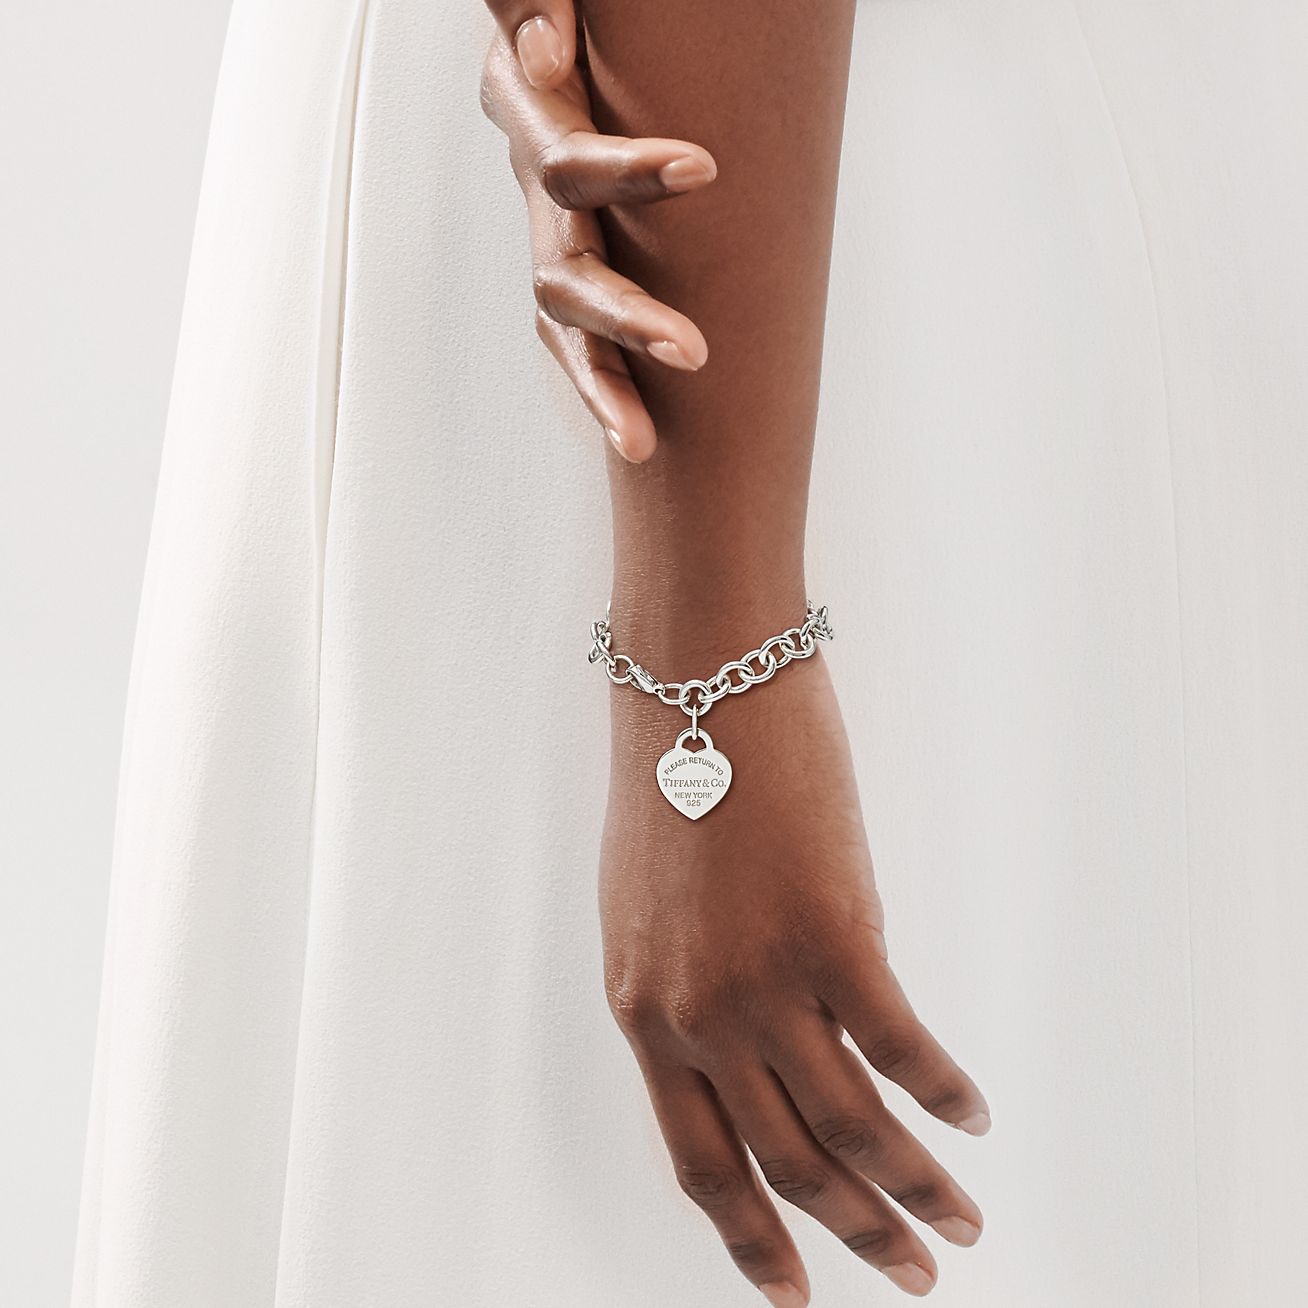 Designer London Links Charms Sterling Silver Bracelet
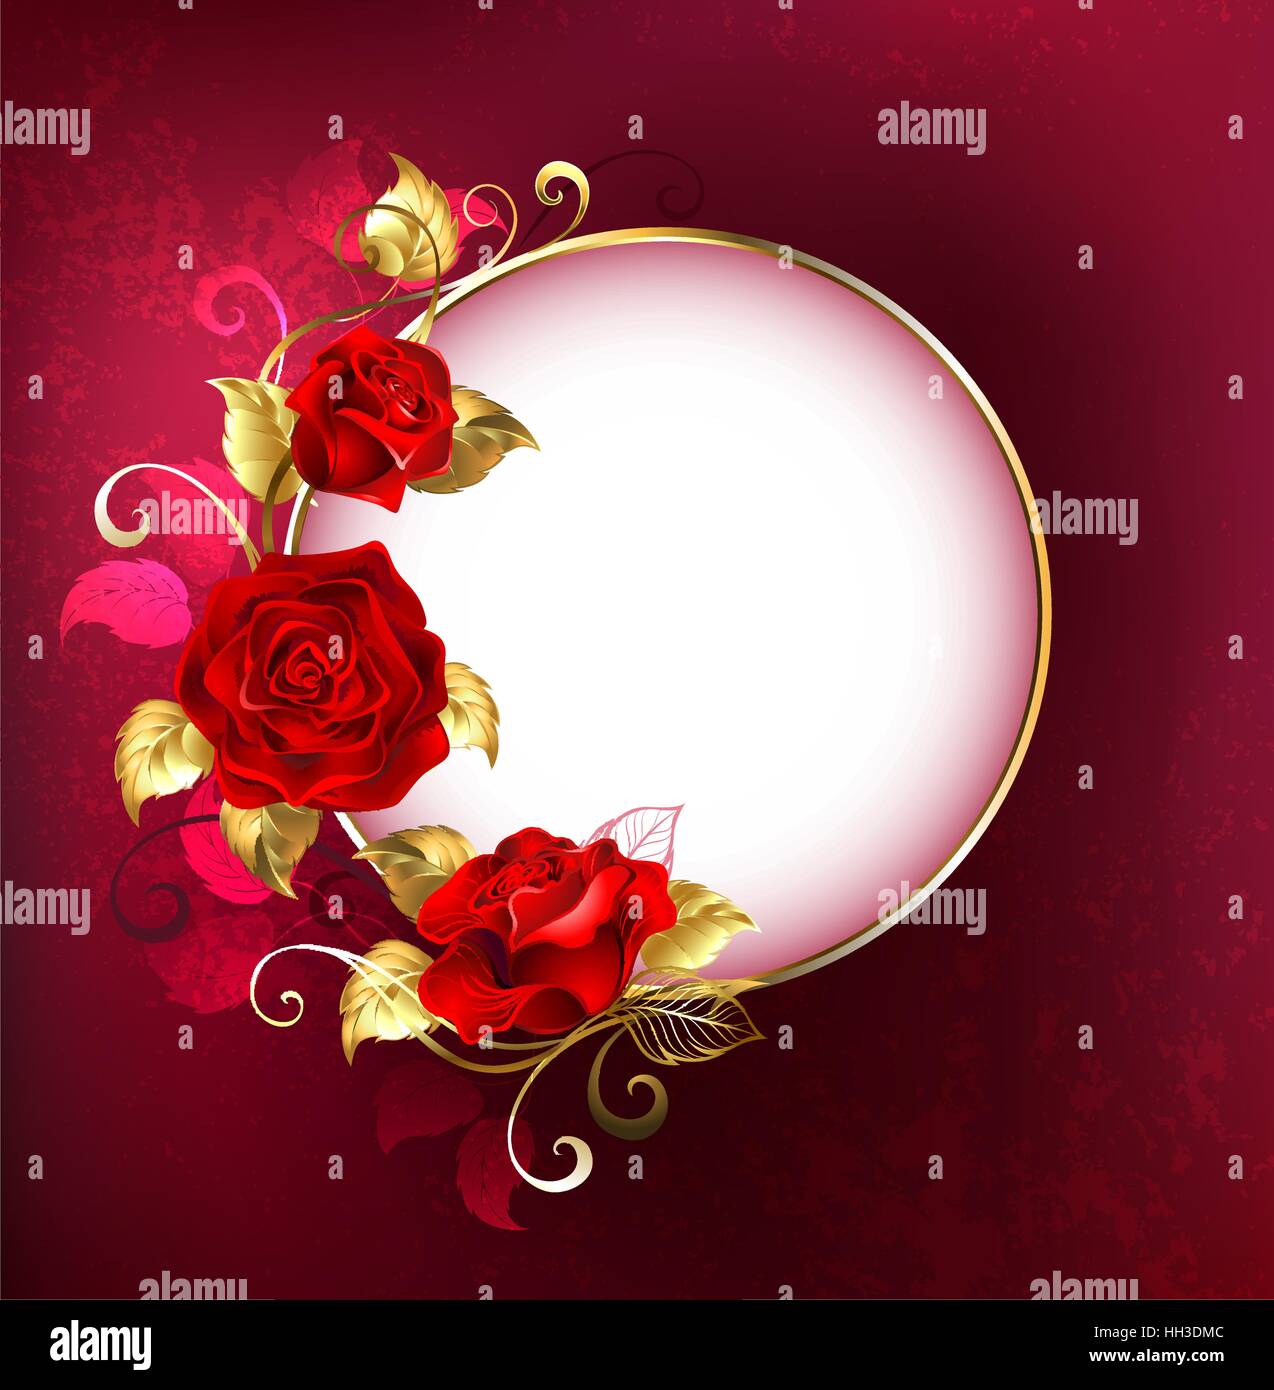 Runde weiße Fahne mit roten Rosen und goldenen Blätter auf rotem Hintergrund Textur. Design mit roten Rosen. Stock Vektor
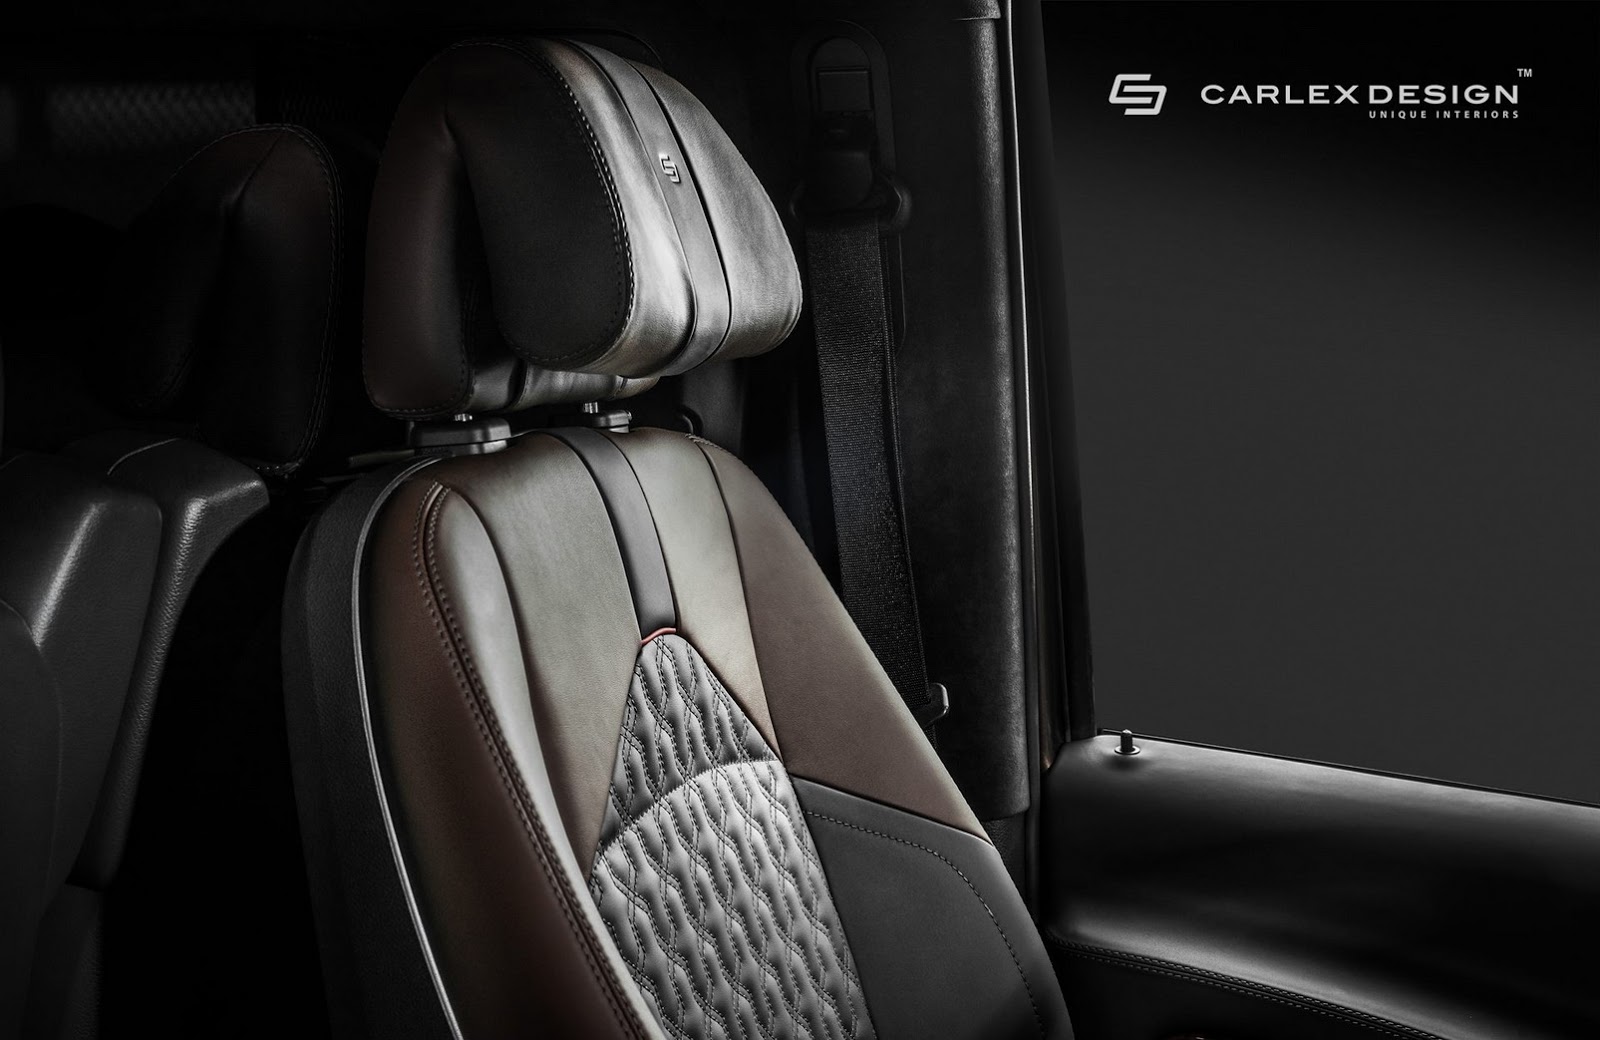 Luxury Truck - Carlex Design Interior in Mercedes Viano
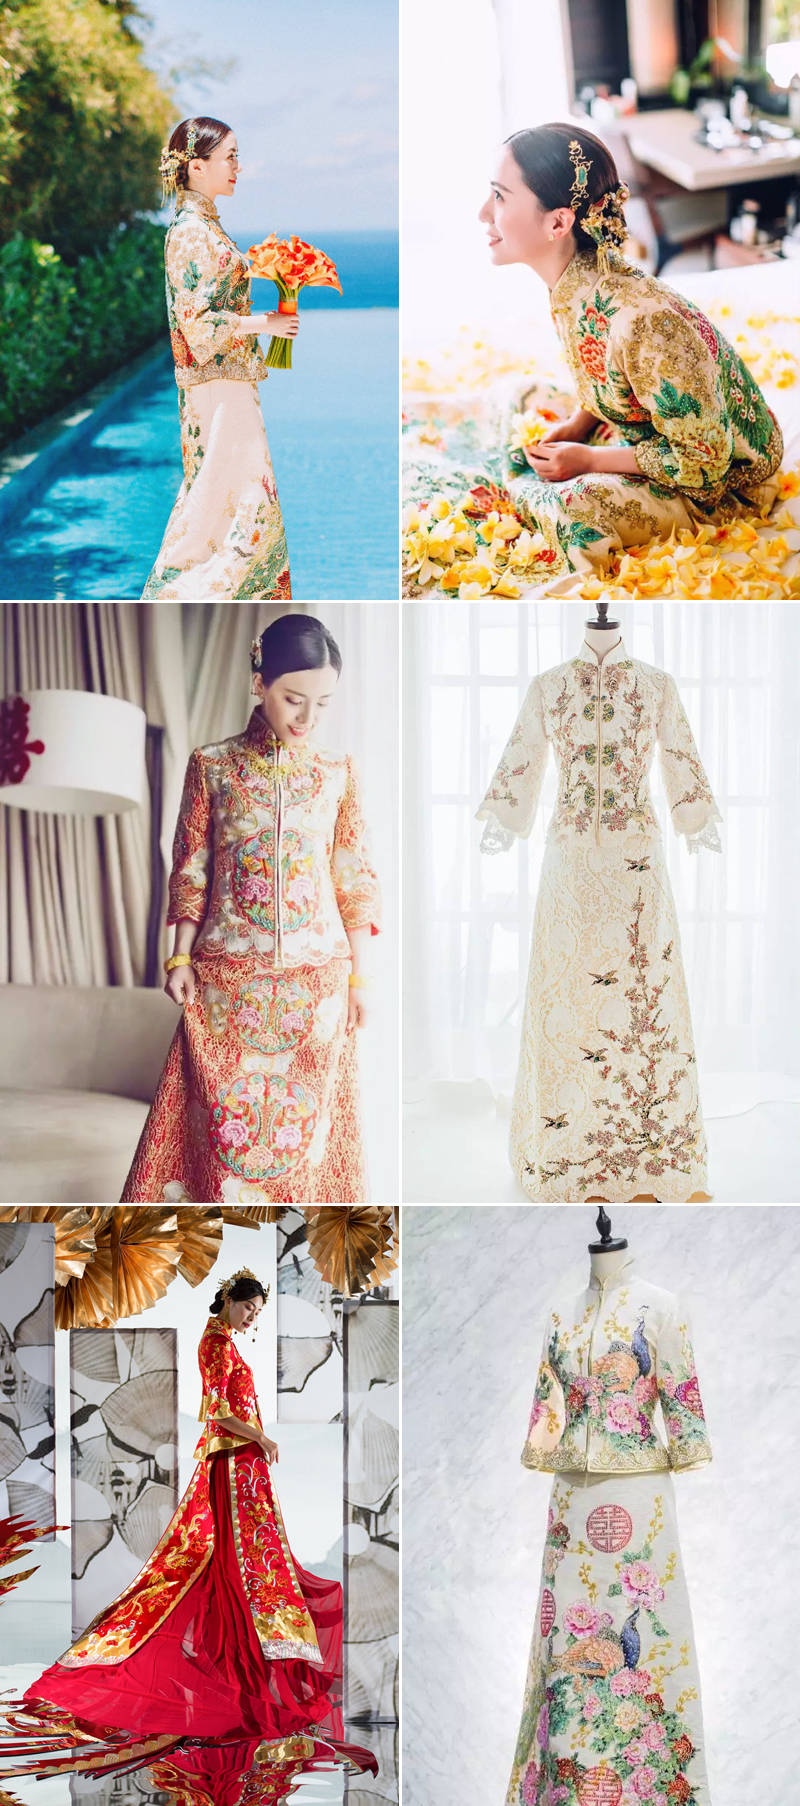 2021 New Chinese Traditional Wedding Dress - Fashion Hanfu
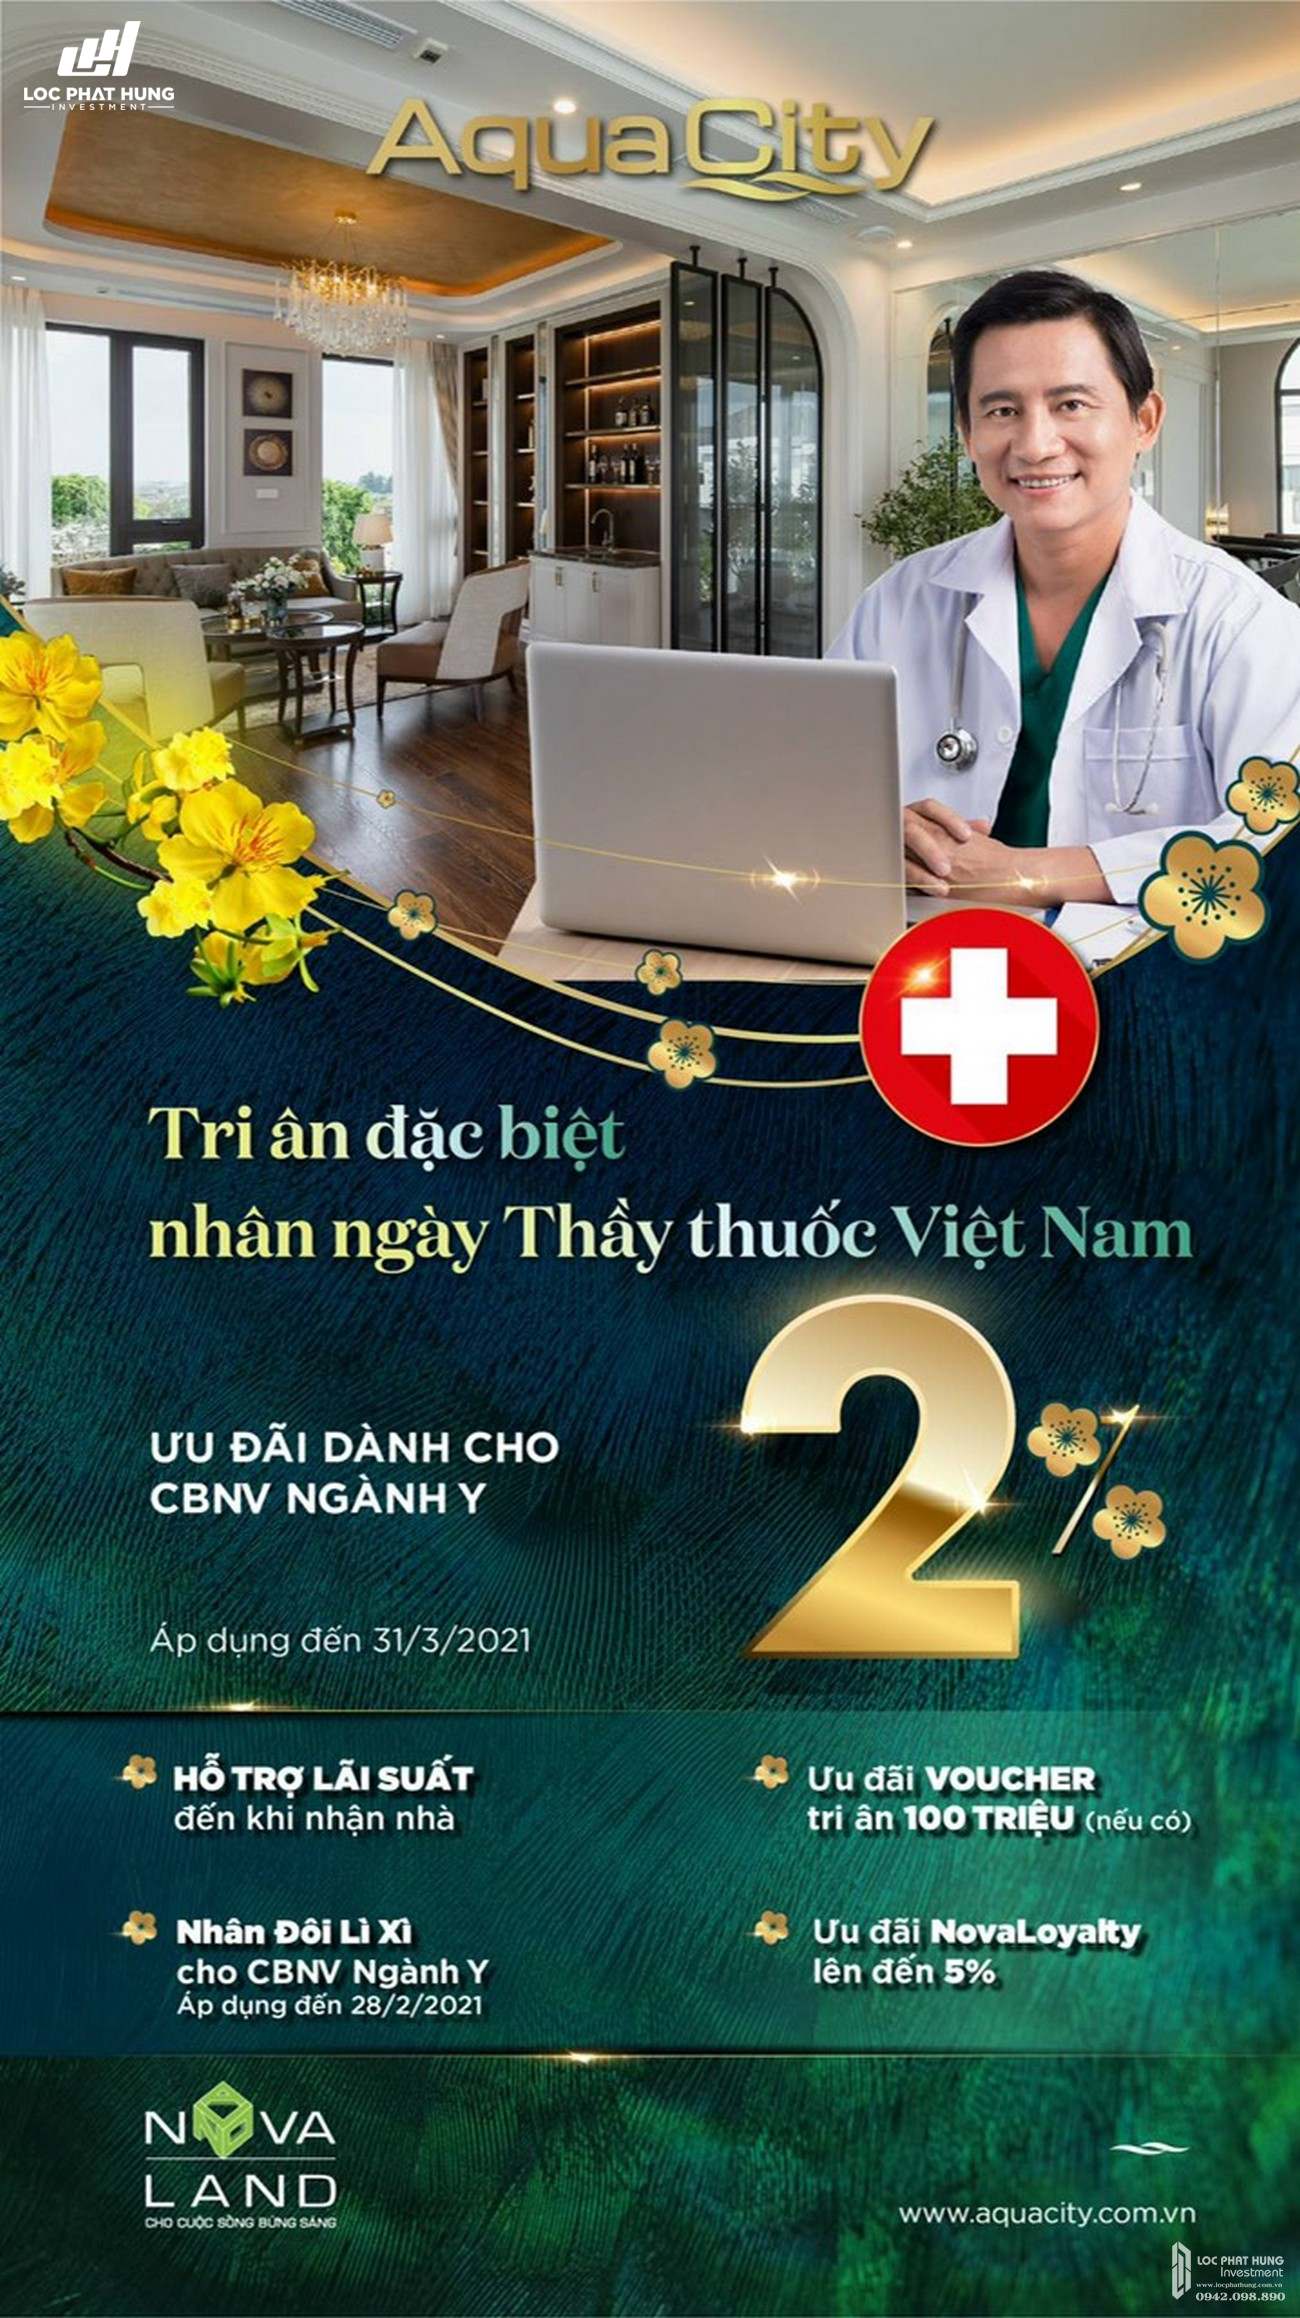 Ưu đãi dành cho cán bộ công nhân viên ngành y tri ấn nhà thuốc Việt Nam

## WHAT TO DO
Copy exactly, please, the lines that run from the line holding "Runde weiße Fahne" through the closing line of the material above, omitting every picture.

## WRITTEN ANSWER
 Runde weiße Fahne mit roten Rosen und goldenen Blätter auf rotem Hintergrund Textur. Design mit roten Rosen. Stock Vektor
 Luxury Truck - Carlex Design Interior in Mercedes Viano
 2021 New Chinese Traditional Wedding Dress - Fashion Hanfu
 Ưu đãi dành cho cán bộ công nhân viên ngành y tri ấn nhà thuốc Việt Nam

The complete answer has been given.